In this figure, we will introduce how DOACROSS parallelism executes by using post and wait. In task 1 (i=1), S2 post post(1) as it finishes its own statement. Next, in task 2 (i=2), when S1 finished its own statement, task 2 has to wait until task 1 finishes and post (1). The statement of S2 in task 2 is a[2] = a[2-1] + temp[2]; and it means S2 can not produce value without a[1]. The same to task 3, S2 in task 3 is a[3] = a[3-1] + temp[3]; and has to wait until task 2 finishes its task and post a[2].

DOPIPE

In code 3.12, there is a loop-carried dependence existing in the loop.

S1[i]-> T S1[i+1]

S1 is true dependence on S1[i+1], because S1[i] writes first, and then S1[i+1] reads.

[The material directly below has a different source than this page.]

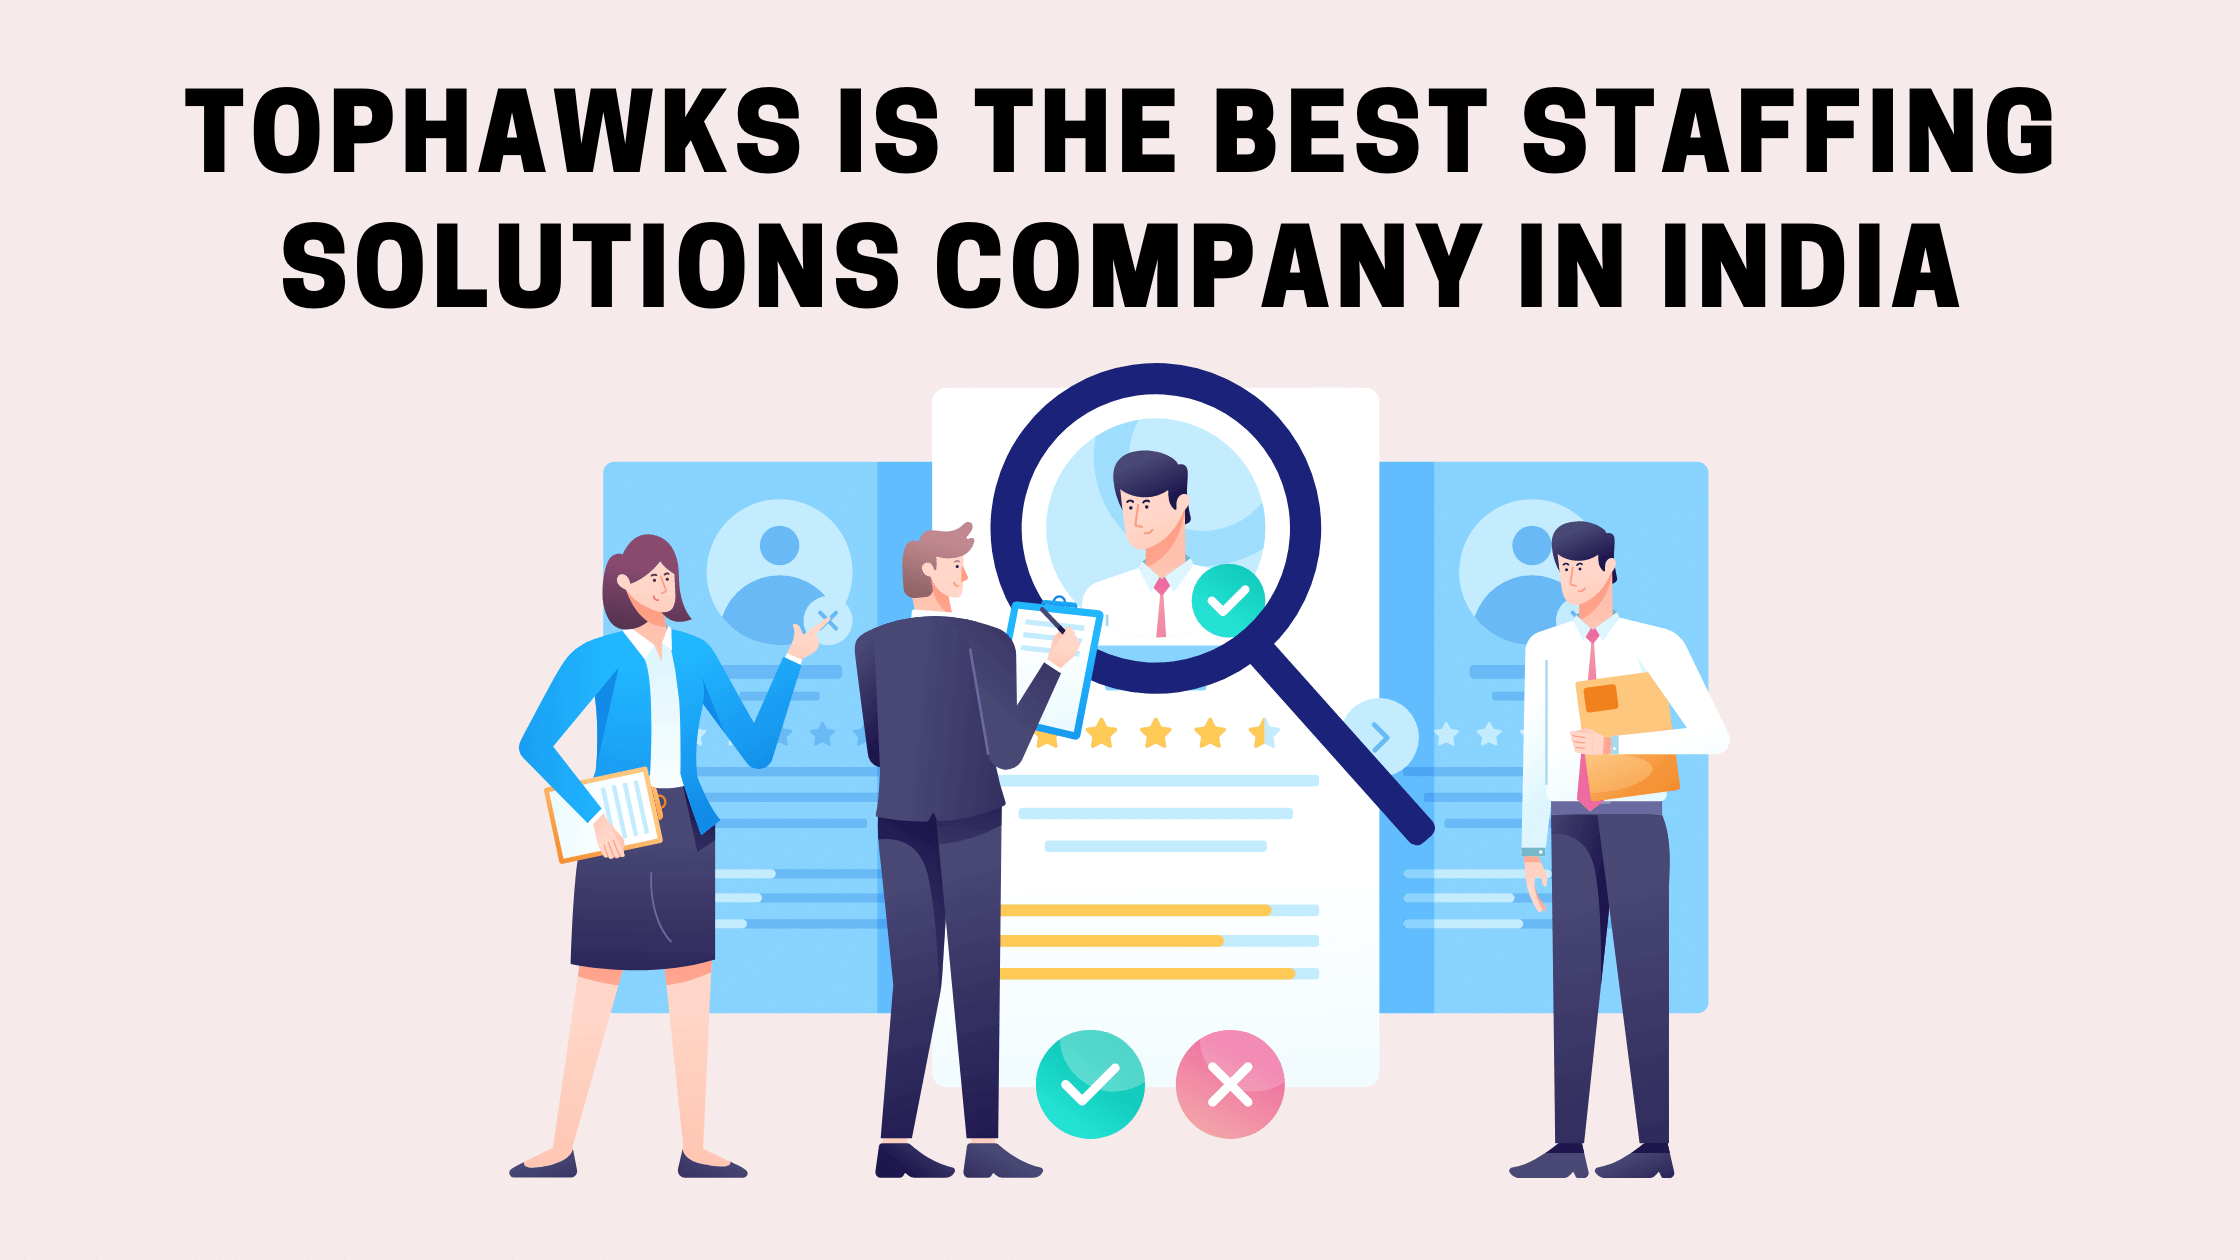 TopHawks: Leading Staffing Solutions Company in India

Code 3.12 A loop amenable to pipelined parallelism
for (i=1; i<=N; i++) {
 S1: a[i] = a[i-1] + b[i];
 S2: c[i] = c[i] + a[i];}

Here we split code 3.12 in 2 loops and make it parallelized in DOALL parallelism. For the first loop, there is no way to use DOALL parallelism because of loop-carried dependence. Otherwise, for the second loop, it is available to use DOALL parallelism since there is no loop carried dependence but loop-independence. Howevr, DOALL is not the only solution to parallelize code 3.12 and it still has an disadvantage. If there are only a few processors to run this program, then the speedup will not be too much. We will introduce another solution, DOPIPE parallelism, in code 3.13.

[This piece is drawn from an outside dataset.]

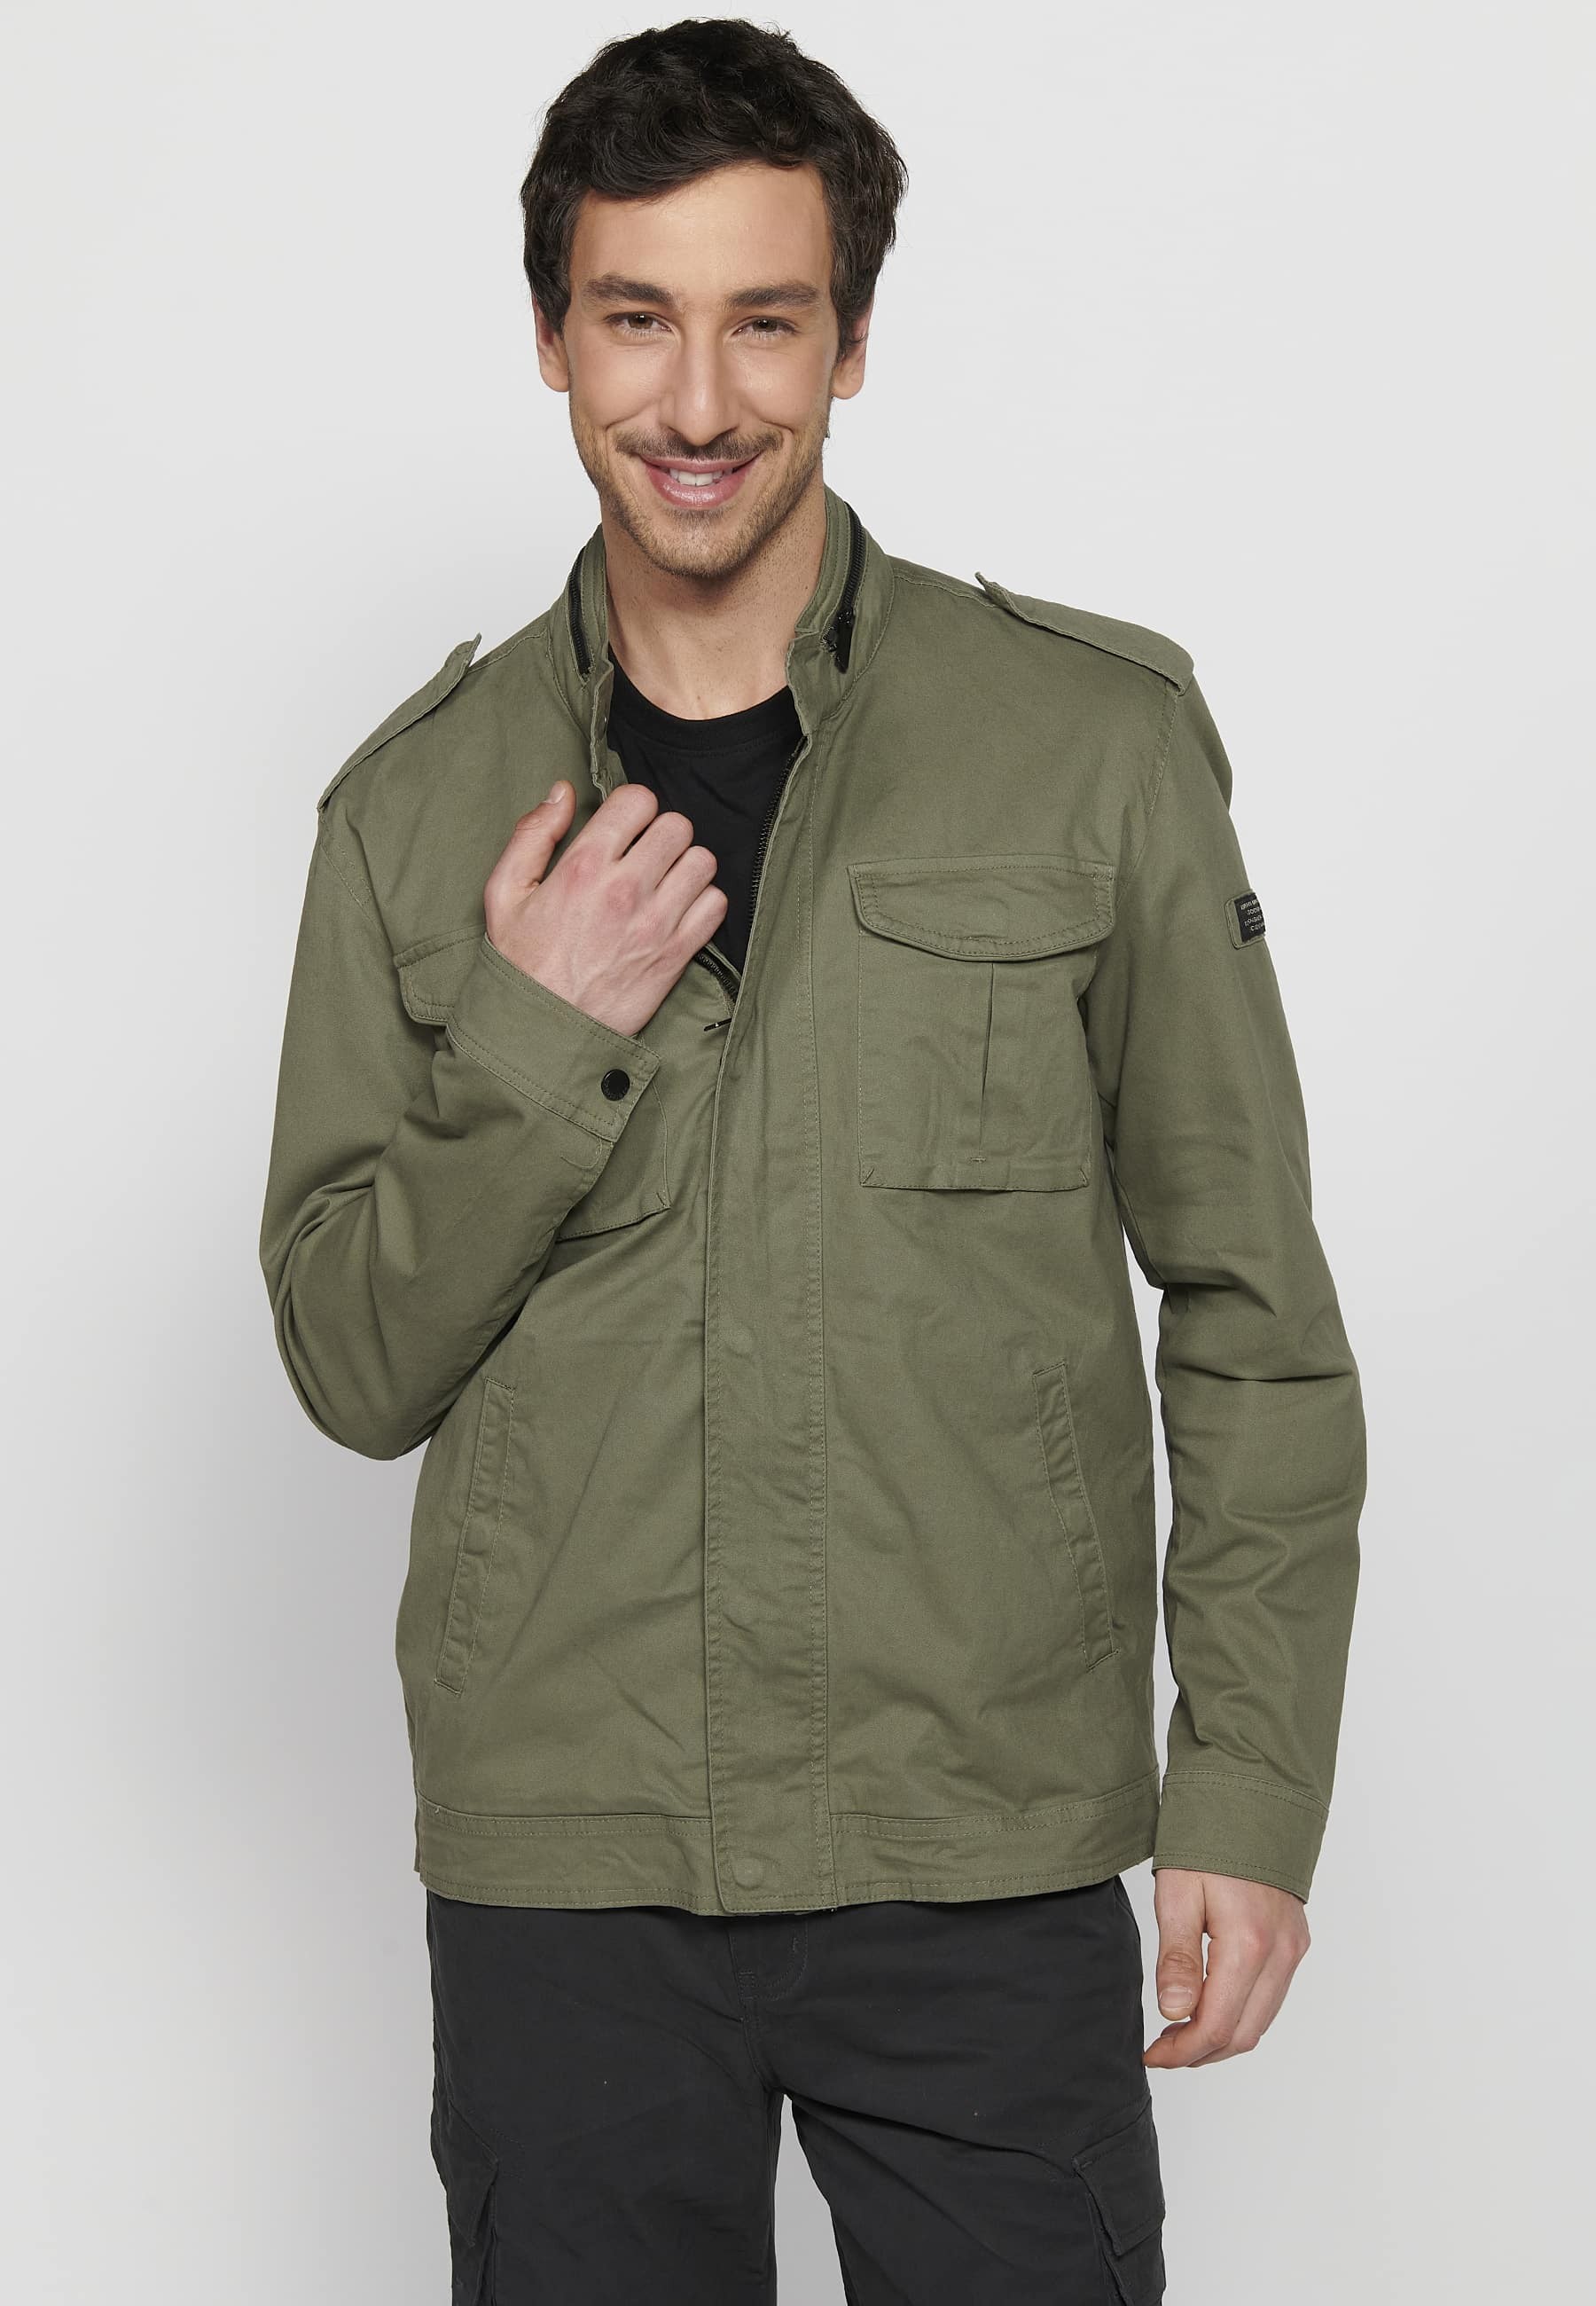 Long Sleeve Jacket with High Neck and Front Zipper Closure with Green Pockets for Men 8

Code DOALL parallelism(transformed from 3.12) 
for (i=1; i<=N; i++) {  
  S1: a[i] = a[i-1] + b[i];}
for (i=1; i<=N; i++) { //this loop has DOALL parallelism
  S2: c[i] = c[i] + a[i];}


Here, we use DOPIPE parallelism to solve code 3.12. We still split code 3.12 as twp loops and insert primitive synchronization, post and wait. In order to calculate c[i], S2 has to get the value of a[i]. However, there is no a[i] in the second loop. S2 has to wait until S1 finished processing a[i] and post it. Once S1 produces a[i], S2 consumes a[i] immediately and starts process its own statement. We will explain this principle in figure later.

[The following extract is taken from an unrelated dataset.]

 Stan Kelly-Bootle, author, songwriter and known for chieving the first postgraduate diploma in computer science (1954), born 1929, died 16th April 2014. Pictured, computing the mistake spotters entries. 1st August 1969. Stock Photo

Code 3.13 DOPIPE parallel version of the loop from code 3.12
for (i=1; i<=N; i++) {  //this loop has DOALL parallelism
  S1: a[i] = a[i-1] + b[i];
  post(i);}
for (i=1; i<=N; i++) {
  wait(i);
  S2: c[i] = c[i] + a[i];}

This figure present us how DOPIPE parallelism works. Each task processes different statement. For example, task1 processes S1 and task2 processes S2 in this figure. On the other hands, S1 is a producer to produce a[i]. Once S1 produces a[i], it will post a[i], post(i), to let S2 consume. S2 has to wait for a[i] by using wait(i), because S2 does not know the value of a[i] until S1 produces and posts it.

Implementation

POSIX Threads

POSIX Thread APIs

pthread_mutex_lock(); pthread_mutex_trylock(); pthread_mutex_unlock()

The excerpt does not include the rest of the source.